元の世界への帰還を叫んでいた斧を背負う男は、確かゲームへの接続が切断される前はサービスの継続を連呼していたような気がする。ある意味で願いは叶えられたわけだが、皮肉な結果でしかない。
「まあこうなるわな……。キミは……これからどうするん?」
ナンバーズは他のプレイヤーに比べて冷静なようだ。
「……俺は」
俺は他の人達と違って、この世界に放り込まれてしまったこと自体に絶望感はない。俺のここ数年の生活はAO漬けの日々であり、それがなくなってしまった場所に帰っても俺が求めるものはないし、また俺を待ってる人もいない。
むしろ幸せというものだ。仮想でしかなかった理想が、現実に俺の周りにあるのだから。
俺はこの世界で生きていける。その確信があった。
ただ今俺が考えているのは、許せない、という感情だ。
おそらくこの現象に巻き込まれたのはここにいるプレイヤーだけでなく、あの時AOにログインしていた者全てに違いない。ということは意図があって俺達を選び、呼び込んだ奴が必ずいる。
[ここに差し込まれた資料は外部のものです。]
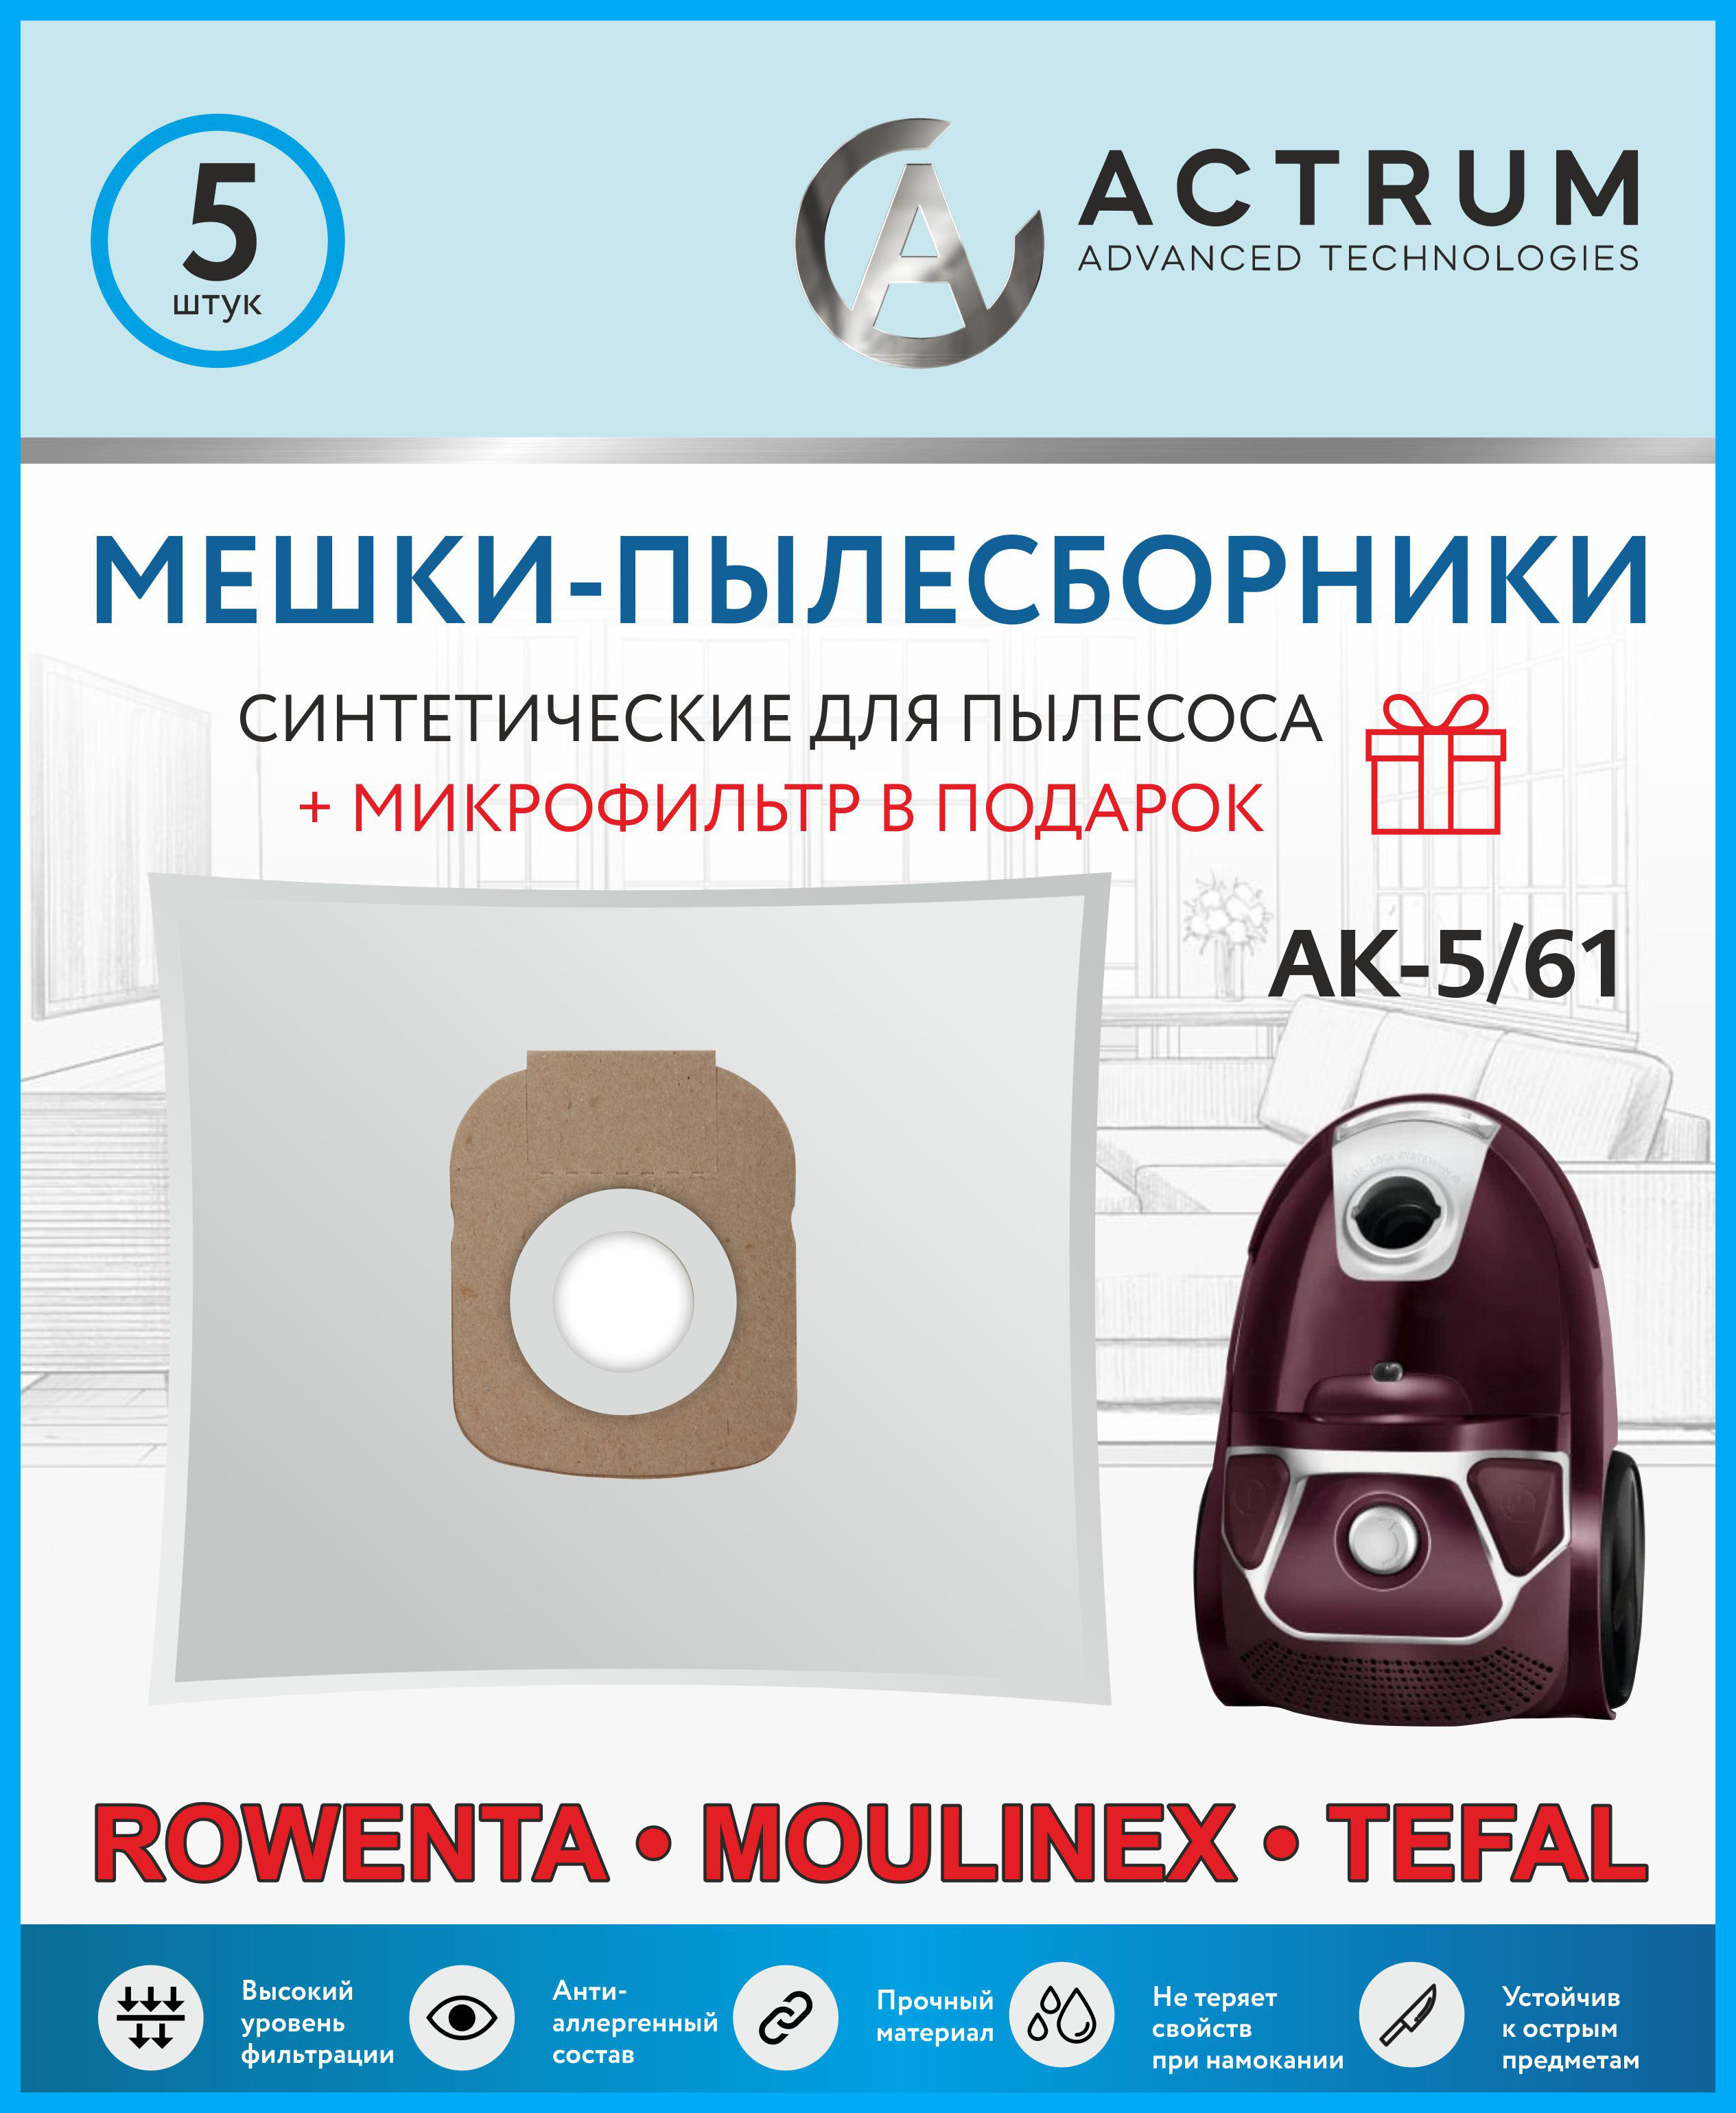 Пылесборник ACTRUM AK-5/61 пылесборник для zelmer actrum ak 5 53 5 шт

今すぐそいつに文句を言ってやりたい。お前の世界でお前の呼んだ人間が一人死んだぞ、と。
俺が守れなかった魔導士の男。その魂の崩壊の瞬間。それらの絶望を記憶に刻むこむ。
「まずは、この世界を一番識っている奴に会う。でソイツに教えてもらって、俺達をここに呼んだ奴を探し出して、一発殴る」
その先はその後考えよう。幸運なことに俺には今までゲームで得た能力が残らず備わっている。さらに俺には唯一無二の力がある。これらを使って必ず至ってみせる。俺達を巻き込んだ馬鹿野郎のところへ。
なぜ俺達が召喚されたのか、何をさせるつもりなのか。まだ何もわからない。
わからないことだらけだが、必ず生き残って見せる。
ここから、俺の剣と魔法の異世界生活が幕を開けた。